From an environmental perspective, hydrogen engines are only sensible if the fuel comes from a renewable resource. Experts refer to this as green hydrogen, wherein water is divided into hydrogen and oxygen via green energy. Of course, energy is lost during the conversion process, but water and steam are the only by-products. Green hydrogen is not yet renewable, however. Demand could increase in air travel and metal processing, which use much more CO2. Green energy must thus be stored and imported from abroad – the first of these projects can already be seen in Australia, for example.

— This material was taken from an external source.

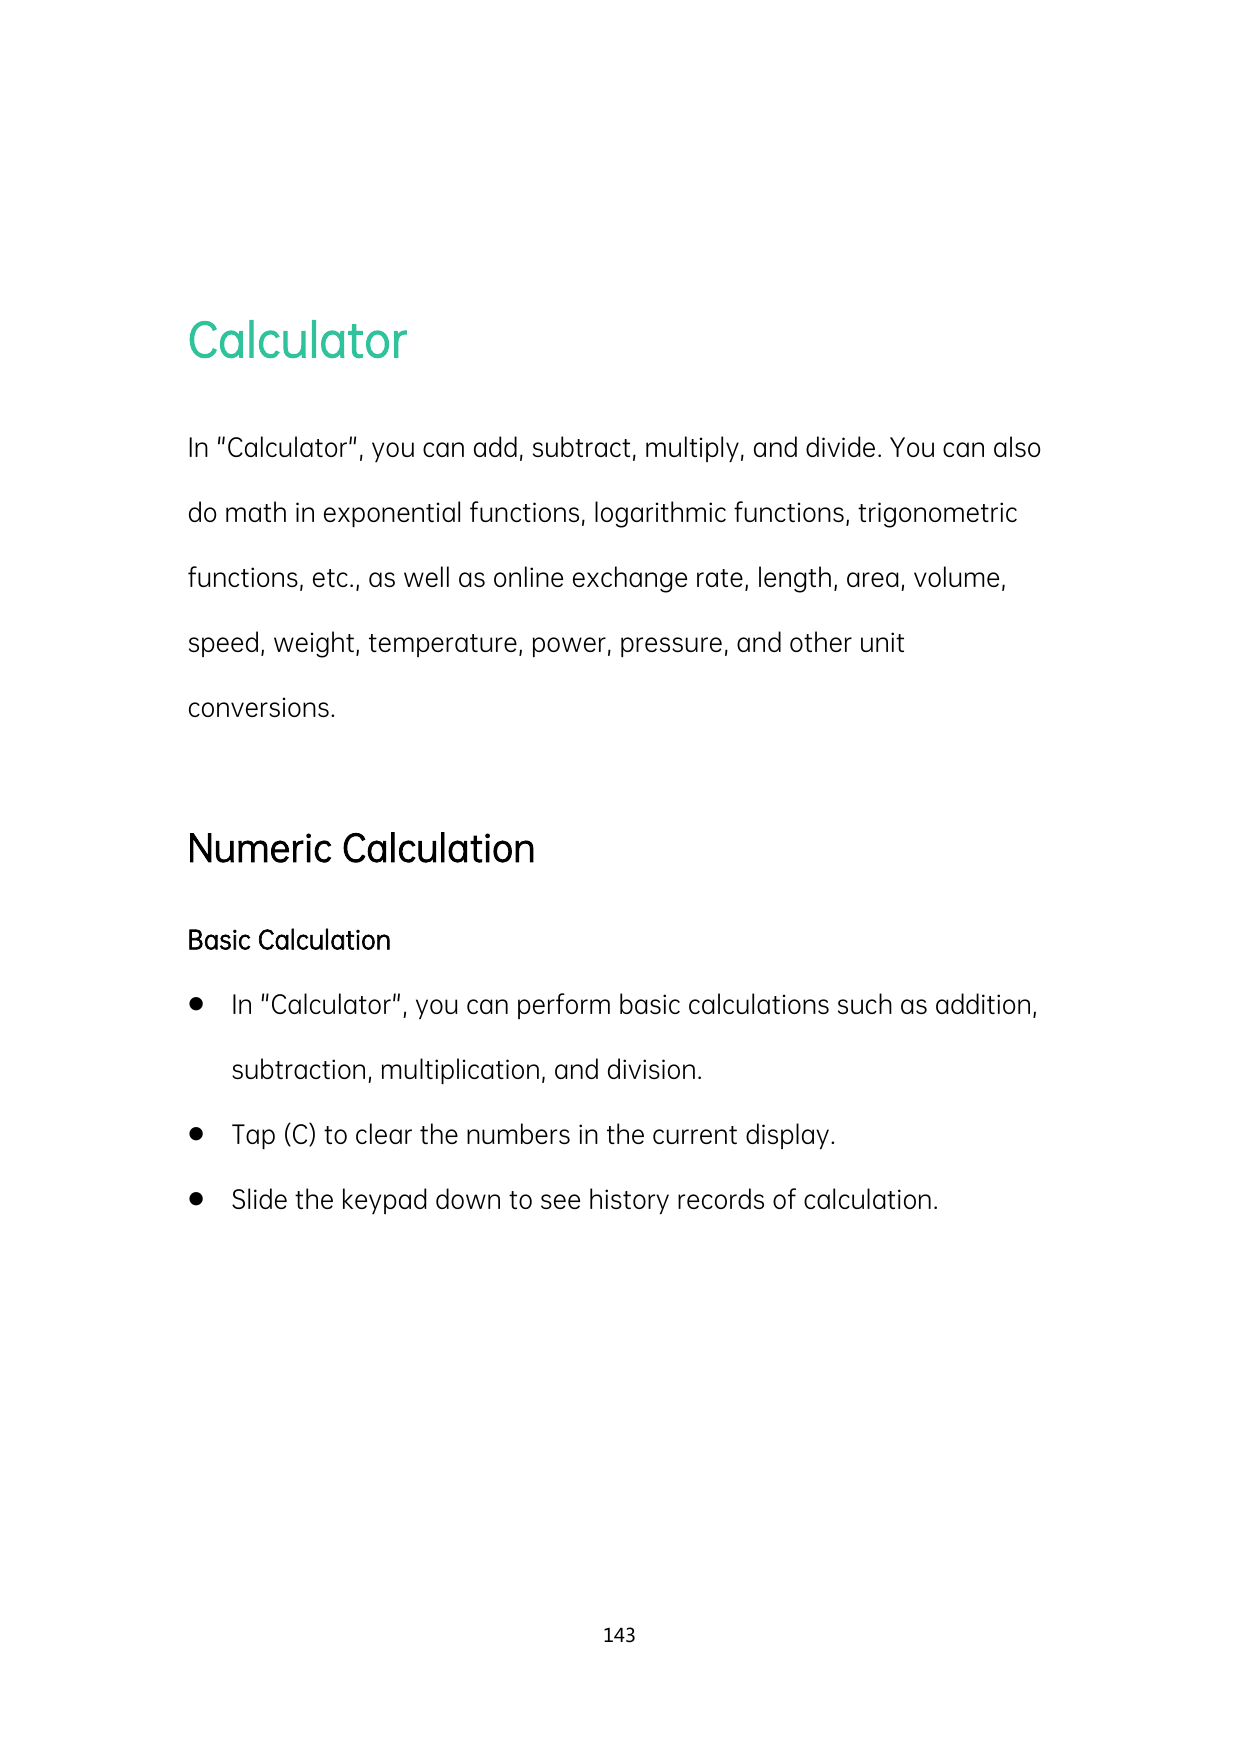 CalculatorIn "Calculator", you can add, subtract, multiply, and divide. You can alsodo math in exponential functions, logarithmi

Fuel cell technology has been in use in intralogistics for a number of years, e.g., in forklifts. Linde has long been producing hydrogen-fuelled low lifting carts, haulers, and forklifts. One of their advantages over battery-operated vehicles is the short filling times.

The basis for good cargo transport with hydrogen vehicles is a comprehensive filling station network. The stations located throughout Europe are not sufficient, however. At least 140 stations are required in Germany to supply fuel cell lorries with hydrogen in 2027/2030, according to a study by the Fraunhofer Institute for System and Innovation Research (ISI). Thanks to a new investor, provider H2 Mobility wants to expand its presence in Germany to up to 300 stations, mainly for personal vehicles, by 2030 – while increasing the capacities of the individual locations five-fold. More possibilities for heavy vehicles are also expected. The stations must be accessible for lorries and buses at all locations.

Hydrogen is now being used in other mobility sectors, such as on a ferry in San Francisco. Trains are also testing fuel cell engines, while hydrogen-based fuels are being tested in air travel.